● **Work to be completed**
The response must consist of each line in the listing that has the word "down" in it.

---- Source material

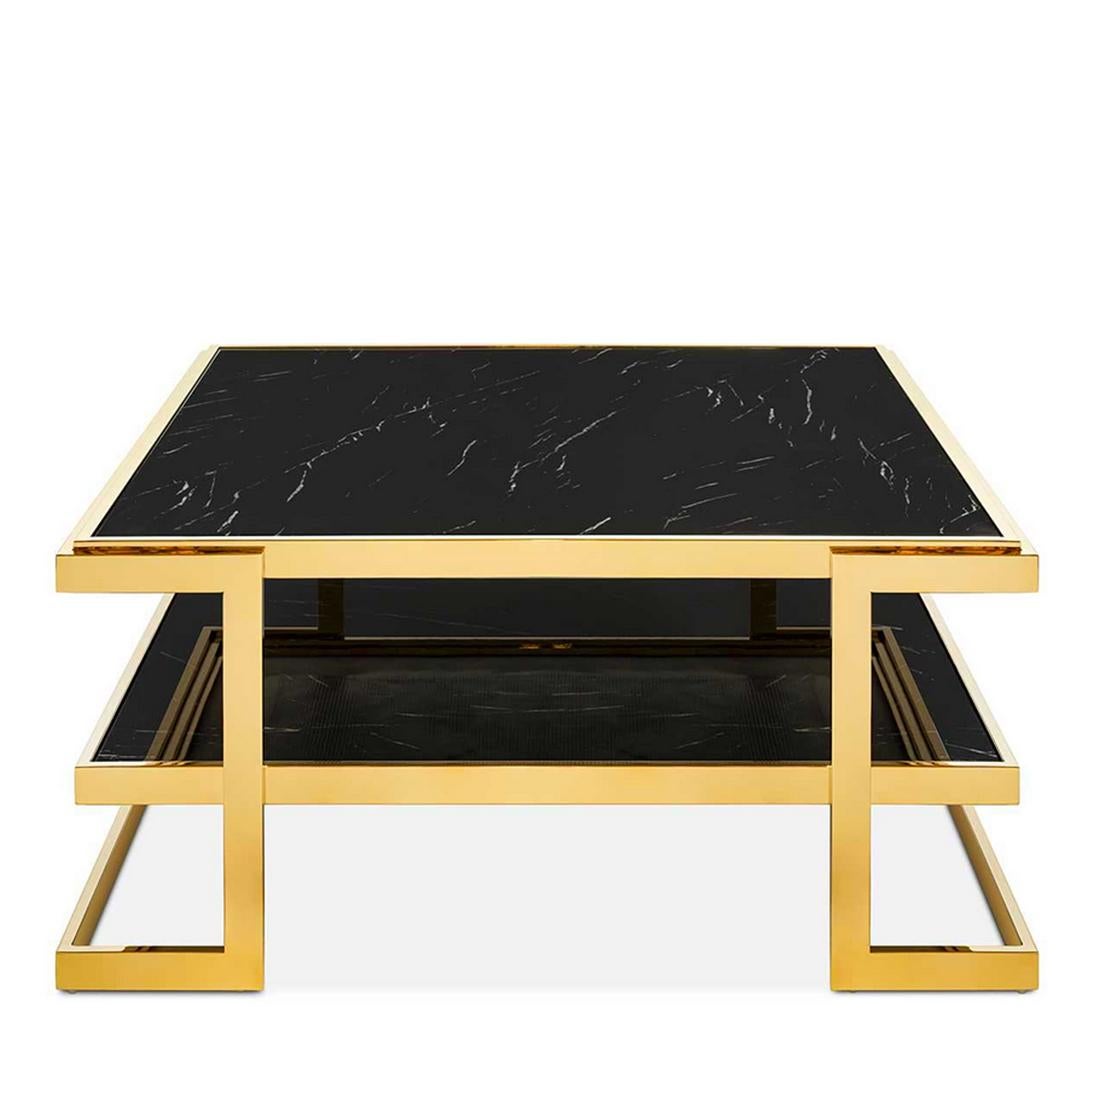 Coffee table Liz black with metal structure in
gold finish. With up and down black marble top.
Also available with up and down white marble top.
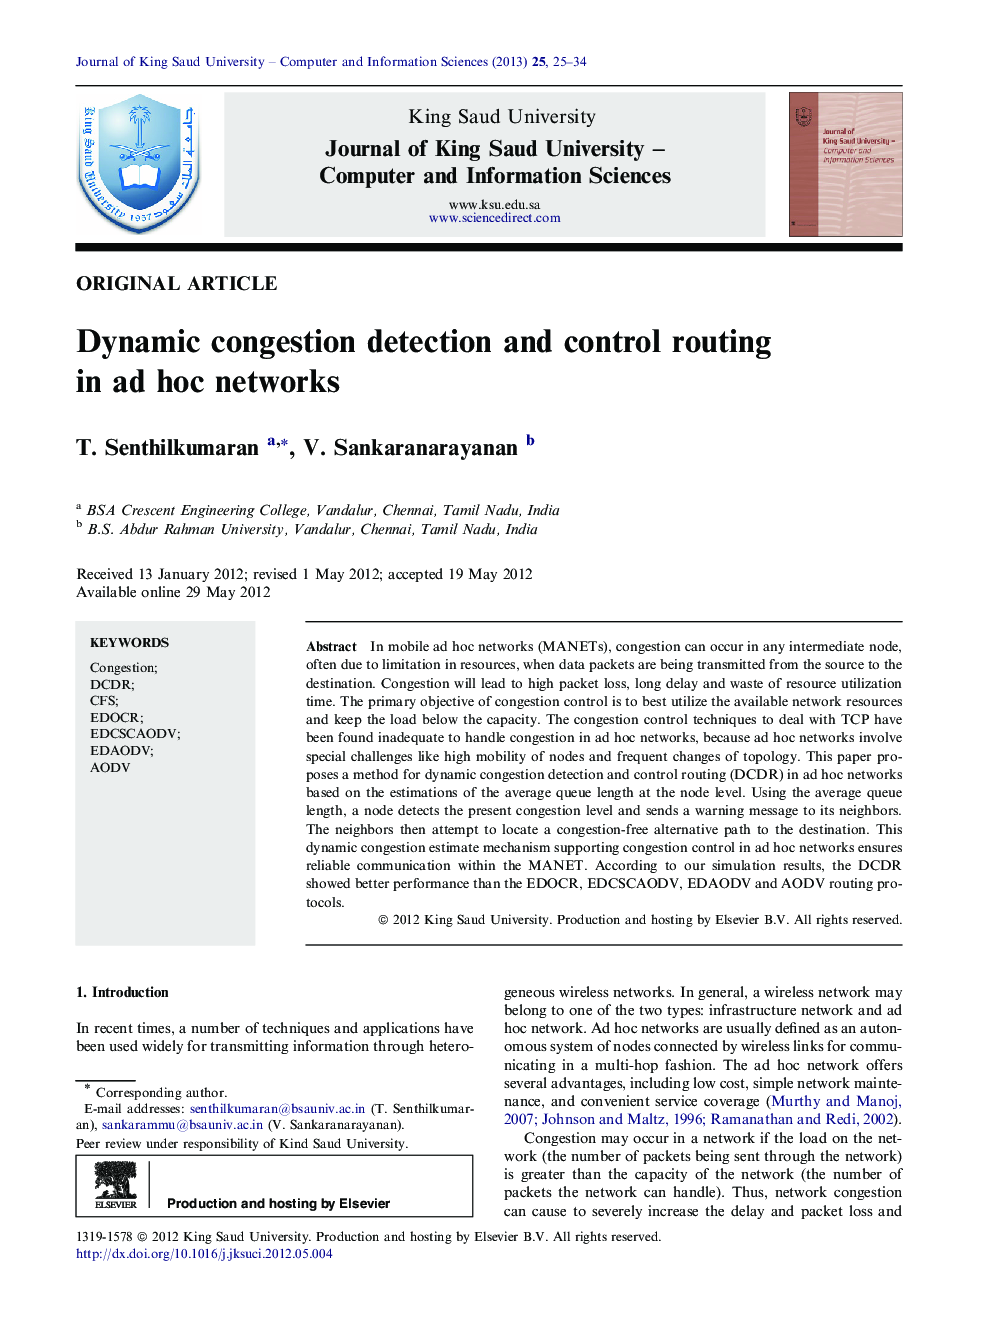 Dynamic congestion detection and control routing in ad hoc networks

--------

● **Answer box**
gold finish. With up and down black marble top.
Also available with up and down white marble top.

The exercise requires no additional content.